# What is expected
Set out exactly every line of the entries below, starting at the line that holds "It is never" and stopping after the line that holds "SOLD Antique Neoclassical".

# Data for the task
-*-*-

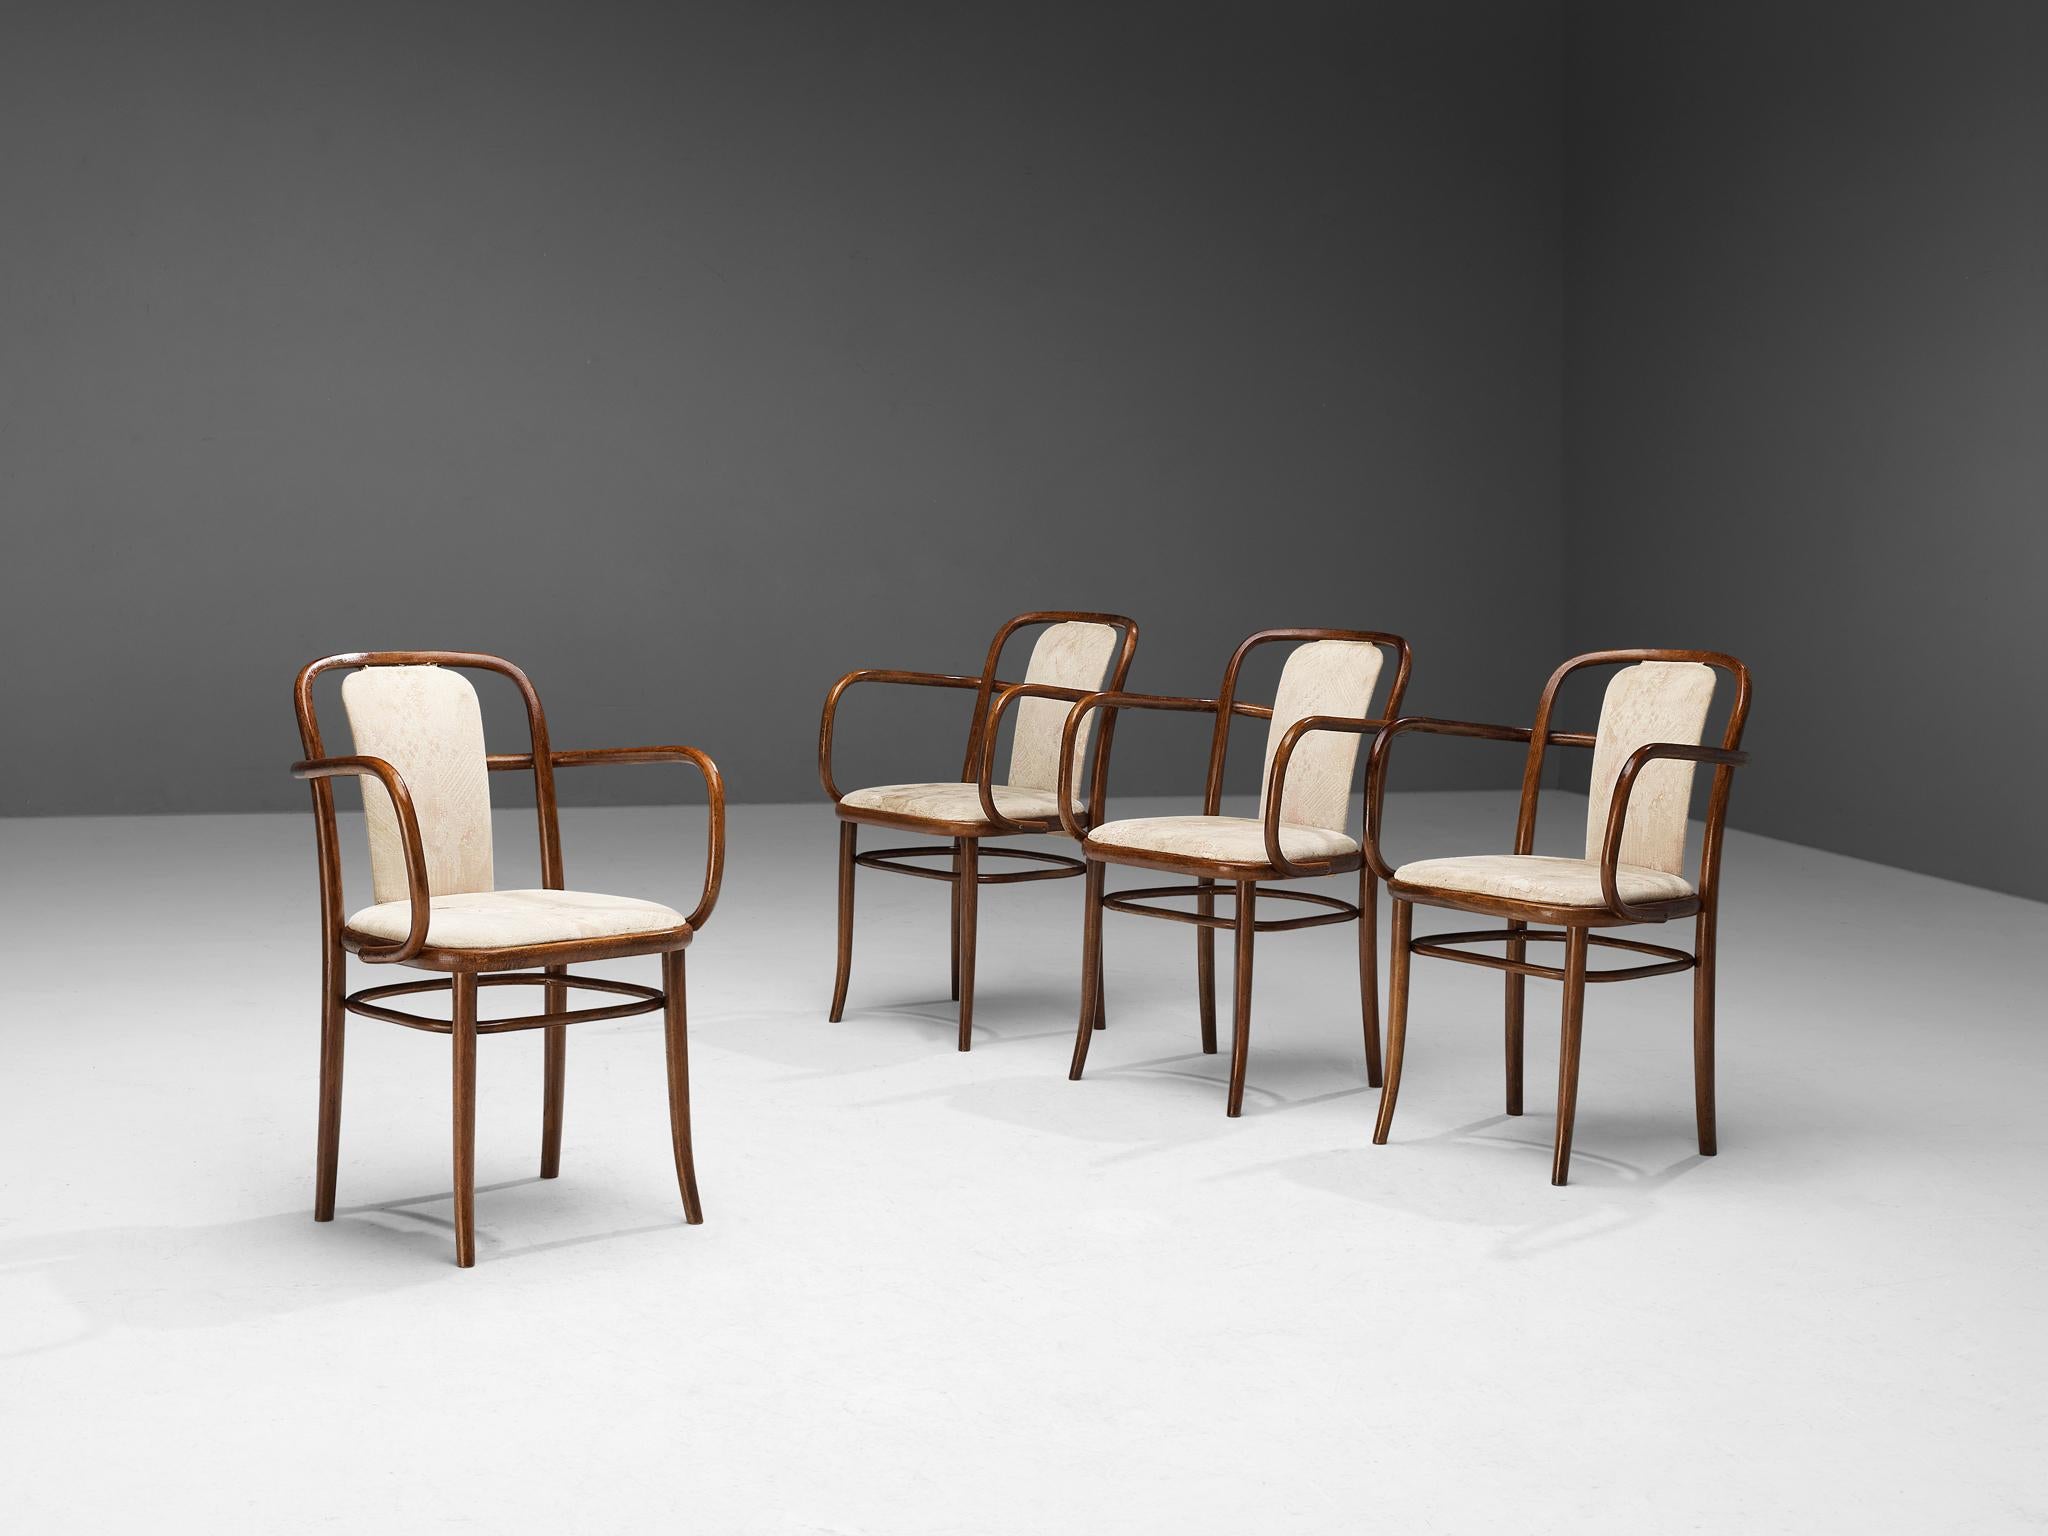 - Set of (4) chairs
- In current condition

-*-*-

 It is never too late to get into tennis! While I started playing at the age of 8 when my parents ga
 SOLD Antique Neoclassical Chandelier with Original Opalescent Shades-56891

-*-*-

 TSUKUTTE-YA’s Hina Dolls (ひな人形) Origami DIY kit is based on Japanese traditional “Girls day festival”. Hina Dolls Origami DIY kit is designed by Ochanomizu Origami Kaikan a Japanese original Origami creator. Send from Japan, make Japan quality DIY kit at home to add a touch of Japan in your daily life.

-*-*-

# Finished exercise
 It is never too late to get into tennis! While I started playing at the age of 8 when my parents ga
 SOLD Antique Neoclassical Chandelier with Original Opalescent Shades-56891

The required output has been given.